For this example, we want to capture when the voice mail disk is full (e.g., eventLog-VoiceMailDiskIsFull).  According to the above example log, '57' is sent when the voice mail capacity has been reached.

  1. From the SNMP Traps tab, right-click in the white space
    Figure 5:  Sample SMTP Trap - Specific Code
  2. Enter the name.  For our example, we will enter 'Wave Device Voice Mail Full'.
  3. Select the Specific Code Filter checkbox to enable the Check Condition and Result fields.
  4. Select 'Equals' from the Check Condition drop-down.
  5. Enter '57' in the Result field.
  6. Typically, when a specific code is sent with the trap, the generic code is required to be 6, so adding a check for code 6 is a viable option.
    Figure 6: Sample SMTP Trap - Generic and Specific Code

    Note NOTE: Given that other devices may use code 57, some additional filtering is probably a good idea.  You could filter on IP address or if you know the trap OID, you can use this.  For the current example, the Wave device OID is constant for all traps sent so that can be used.

    Figure 7: Sample SNMP Trap - OID Filter, Generic & Specific Code Filters
  7. Click Save.  This will create a trap to receive messages when the voice mail is full based on the information provided in the Eventlog.mib. 

SNMP Traps Received

The SNMP Traps Received will show you all the SNMP traps that have been received based on the trap filters you have created on the SNMP Traps tab. 
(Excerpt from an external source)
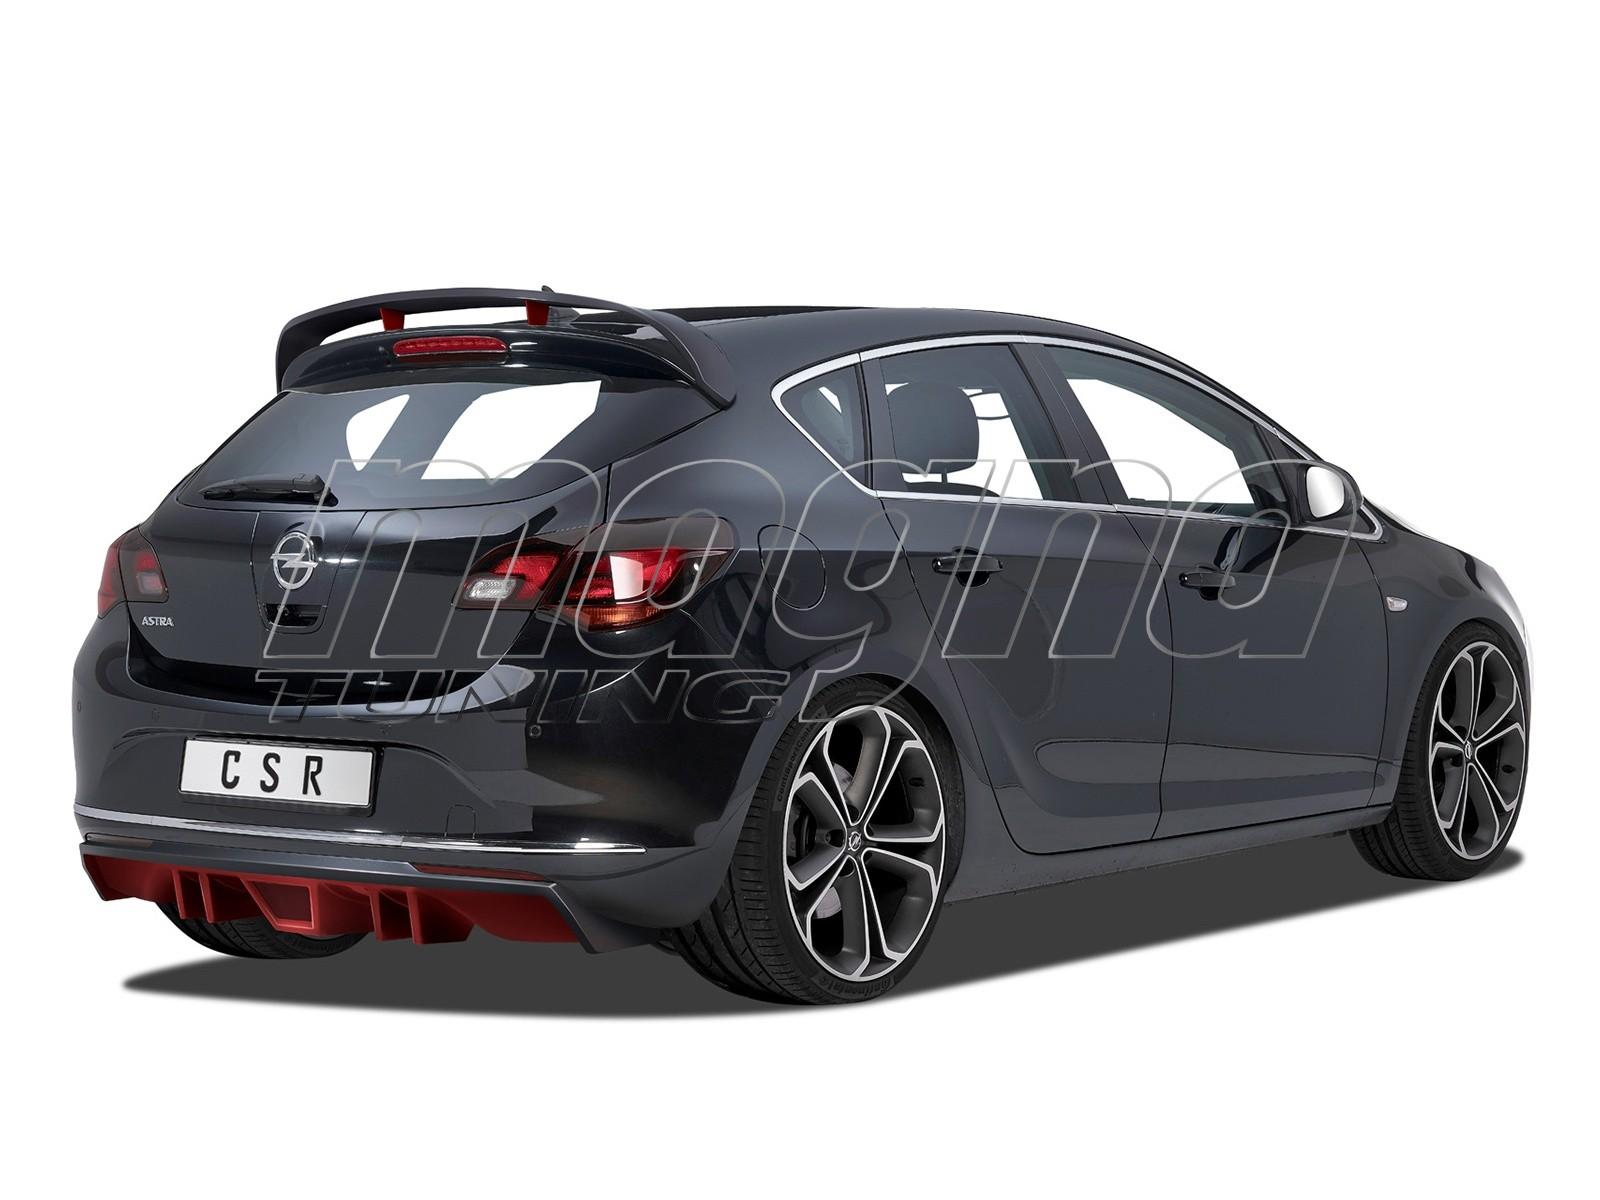 Opel Astra J Cyber Rear Bumper Extension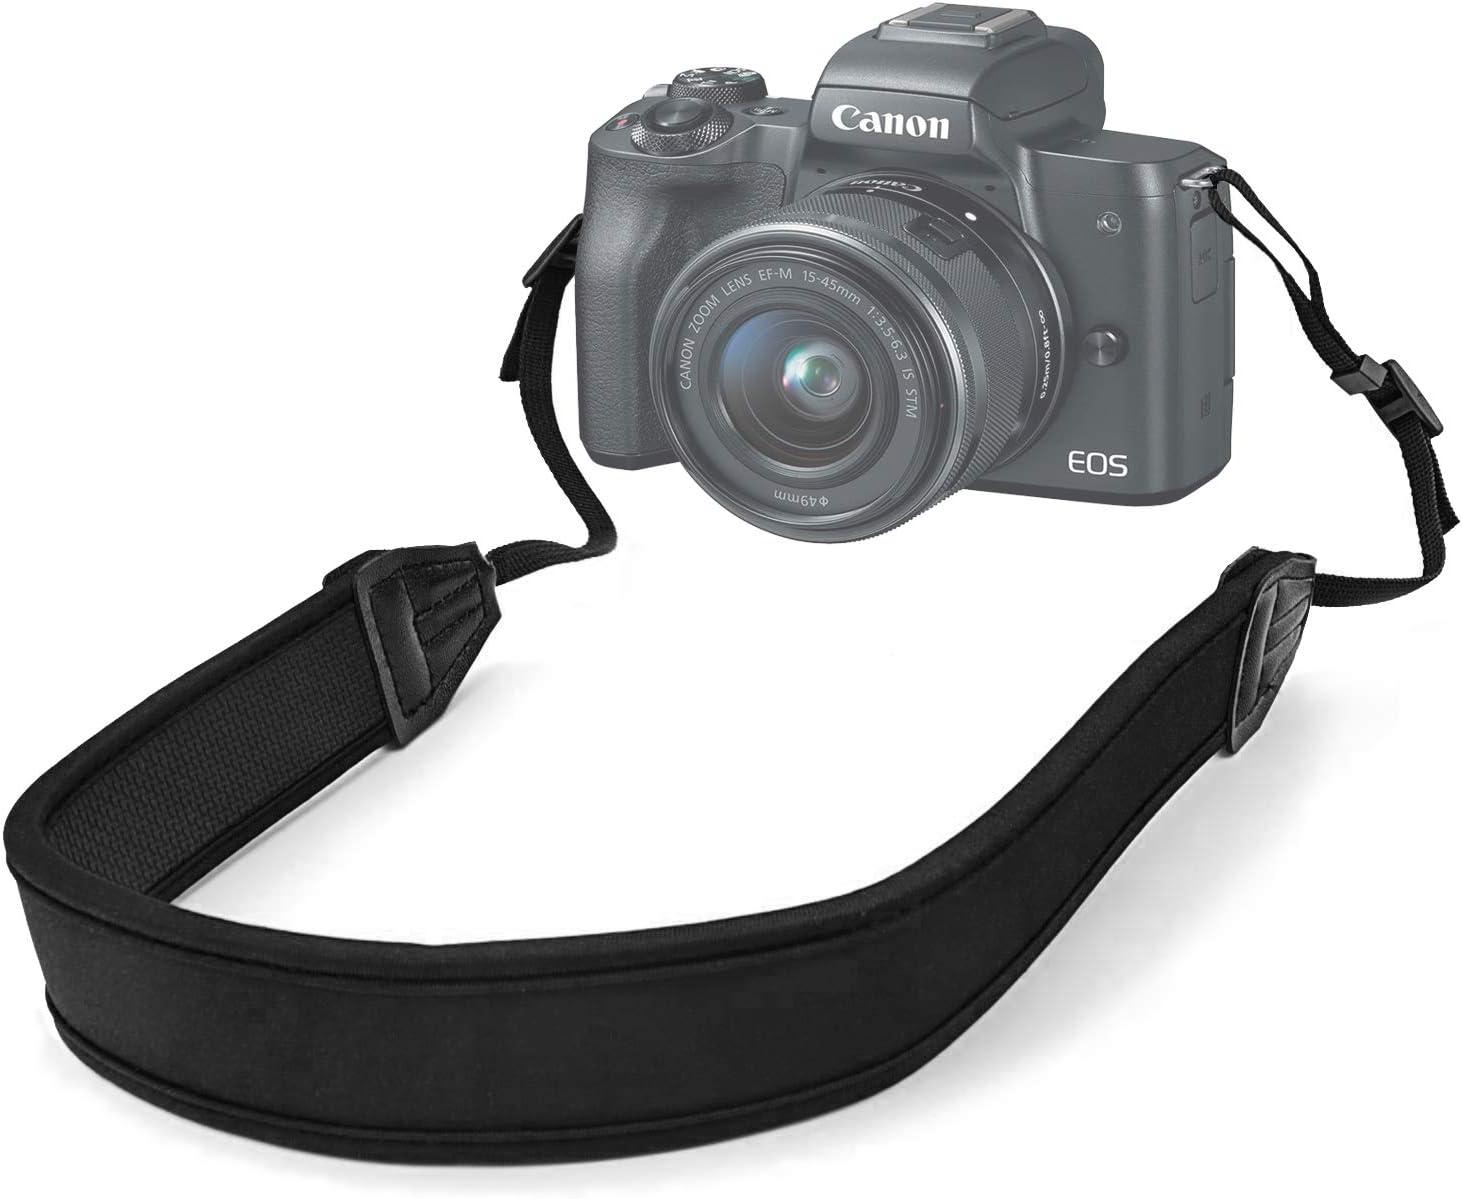 Camera Strap Belt Adjustable Length Anti-Slip Soft Pad Nylon Breathable Camera Strap for SLR//DSLR Cameras Nfudishpu Fast Action Camera Shoulder Strap

Figure 8: SNMP Traps Received

Table 2: SNMP Traps Received

Column Description
IP Address Displays the IP address of the device. 
OID Displays the OID of the received trap. 
Trap OID Displays the OID that came over in the trap. The last two numbers of the trap value indicate the generic and specific codes.  For example, for the OID; 6 is the generic code and 1 is the specific code. 
Trap Value Displays the trap value.
Record Time Displays the date and time that the trap was received.
SNMP Version Indicates the SNMP version. V3 may process traps differently from versions 1 and 2.

From this screen, there are additional options.  You can refresh the list, copy the text, search the list, print the list or export the list to Excel.  Each of these options can be accessed by right-clicking in the white space of the window. 

Removing a Trap Entry

If you want to remove a trap entry from the SNMP Traps Received listing, be aware that you will not be prompted to confirm the removal. 

  1. To remove a trap entry, right-click on the trap and select Remove Trap Entry from the menu that displays. 

Document Revision History

Date Notes
04/11/2011 Updated for 2011 release
09/01/2011 Added Update Configuration to list of steps after creating traps.